To move away from the Studio Ghibli style even further, I decided to scare my cat, so "cat drinks coffee in forest, Studio Ghibli style, neon colors, medium shot, frightful".
There are rumors about a set of certain adjectives that make any prompt result more attractive. I cannot confirm or refute this information, but the rough list is as follows: highly detailed, 4k, 8k, high resolution, award-winning, cinematic…
Movie Magic
The neural network can also illustrate the relics of popular culture, including movies, TV shows, and series. We can ask it to stylize our prompt or character based on a movie. The network will stylize the background, costumes, hairstyles, and many other parameters that are difficult to predict.
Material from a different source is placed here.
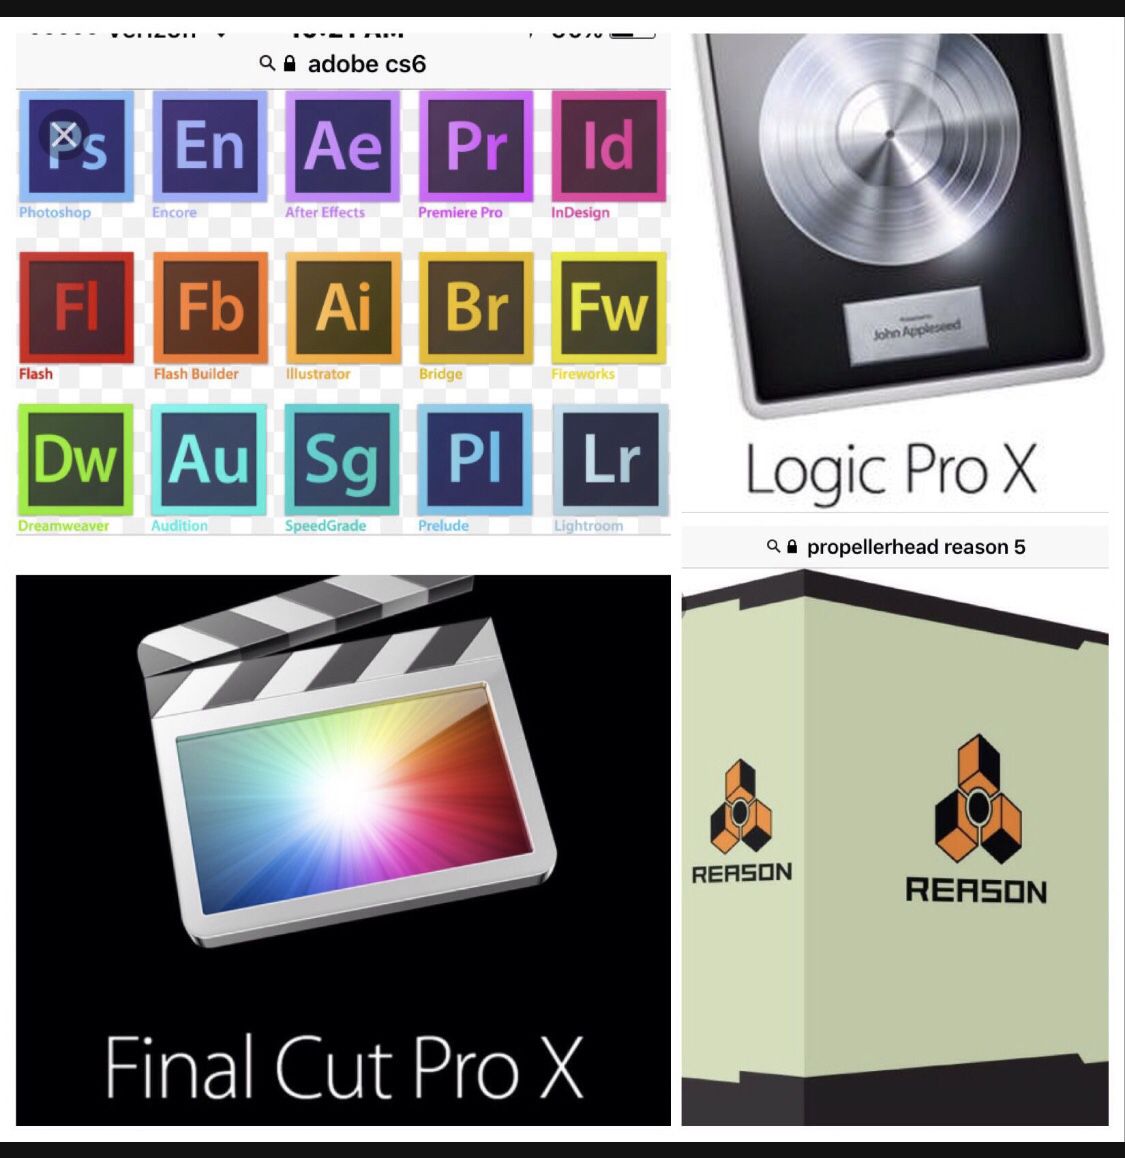 Adobe CS6 Master collection, Reason 5, for Mac/PC, Final Cut X, Logic Pro X 10.2, for Mac & more

It seems that "cat, from Tron: Legacy (2010)" and "cat, from Mad Max: Fury Road (2015)" would look exactly like this.
Conclusion
Let's compare the results for the queries "cat" and "cat drinks coffee in forest, Studio Ghibli style, neon colors, medium shot, frightful".
Short prompts can be effective and helpful if you are conducting visual research on a particular topic or you are a very lucky person. However, if your goal is to generate an illustration or collage with specific requirements, a long prompt is your choice because it allows you to find a common language with the neural network and use its potential to the fullest. To sum up, a high-quality prompt would typically include at least the object and action, location, visual style, color & lightning, and camera setup, but you can also add additional adjectives and other preferences.